Red blood cell differentiation requires a stickier histone H1, which closes chromatin to transcription, based on findings from Dhananjay Yellajoshyula and David Brown (University of Mississippi, Jackson, MS). The less sticky form, however, might favor transcription not by falling off faster but by relaxing chromatin.
Undifferentiated cells need relaxed, accessible chromatin to keep their transcriptional options open. At their most pluripotent, stem cells contain a pool of highly mobile H1 that was thought to fall off easily and give way to transcription factors.

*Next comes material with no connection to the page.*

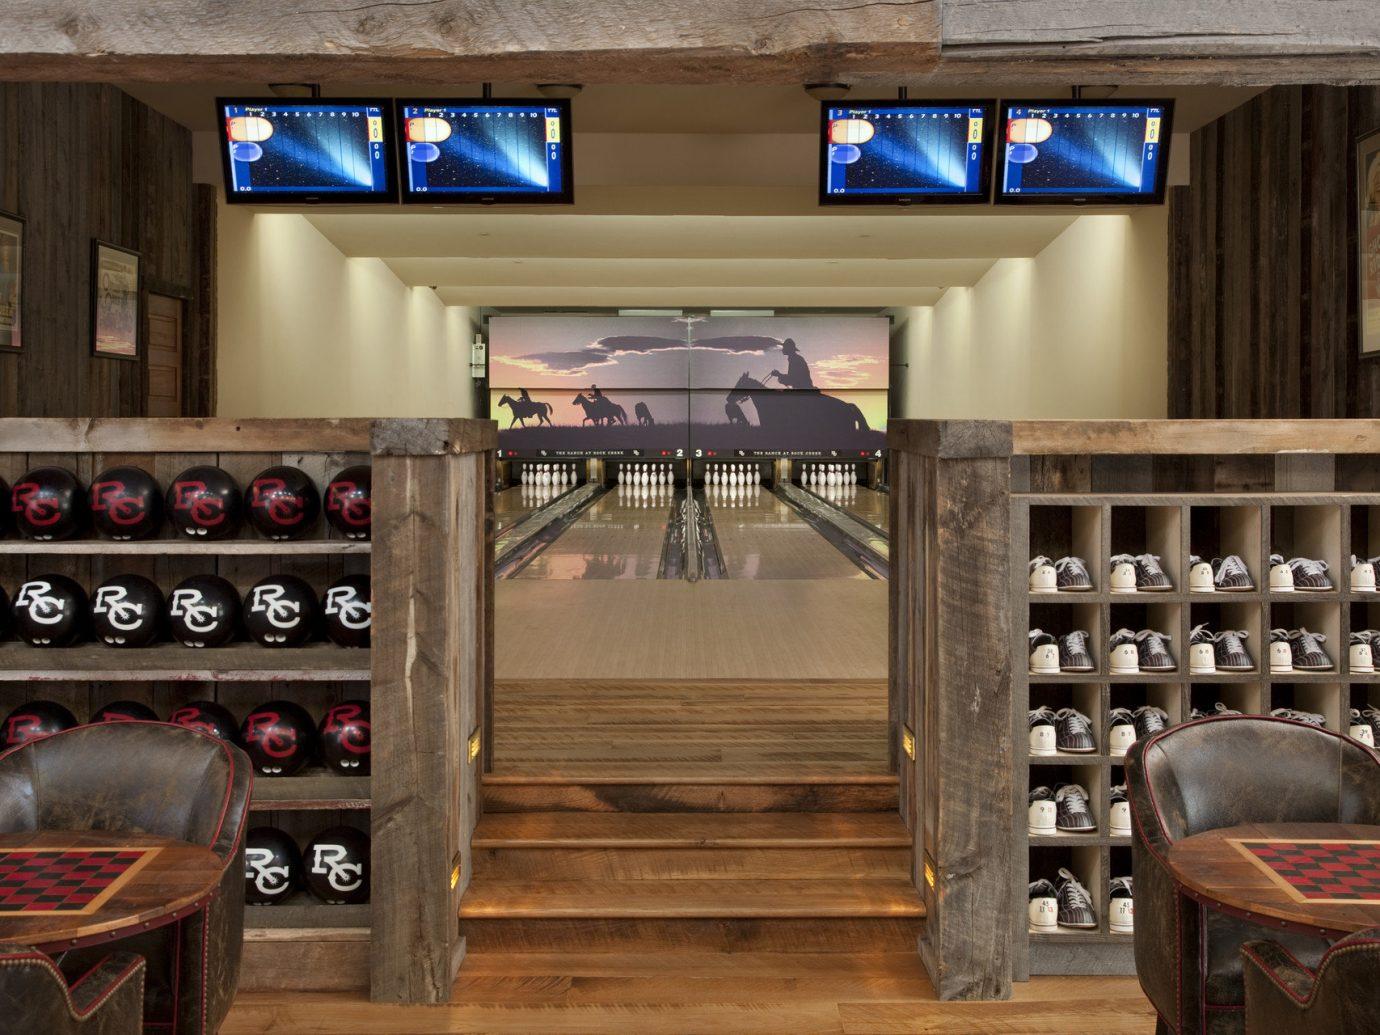 Glamping Outdoors + Adventure Weekend Getaways indoor room recreation room interior design home Bar screenshot living room set

This H1 mobility, Brown finds, must be reined in during red blood cell maturation, to “shut down genes you don't need and leave on only the ones you do.” The crucial loss of mobility is gained by dephosphorylating H1. A mutant H1 that mimics the phosphorylated form blocked differentiation. It also boosted the mobility of its unphosphorylated counterpart—an effect that cannot easily be explained simply by its lower chromatin affinity.
Although mobile, phosphorylated H1 was still retained in chromatin much of the time. “Maybe it doesn't depart,” says Brown, “but instead inhibits compaction.” The added positive charge of a phosphate might interfere with H1's ability to neutralize DNA's negative charge, thereby preventing chromatin from condensing as tightly. A more open structure, Brown proposes, might also affect the mobility of other factors, including unphosphorylated H1—potentially spreading the altered structure.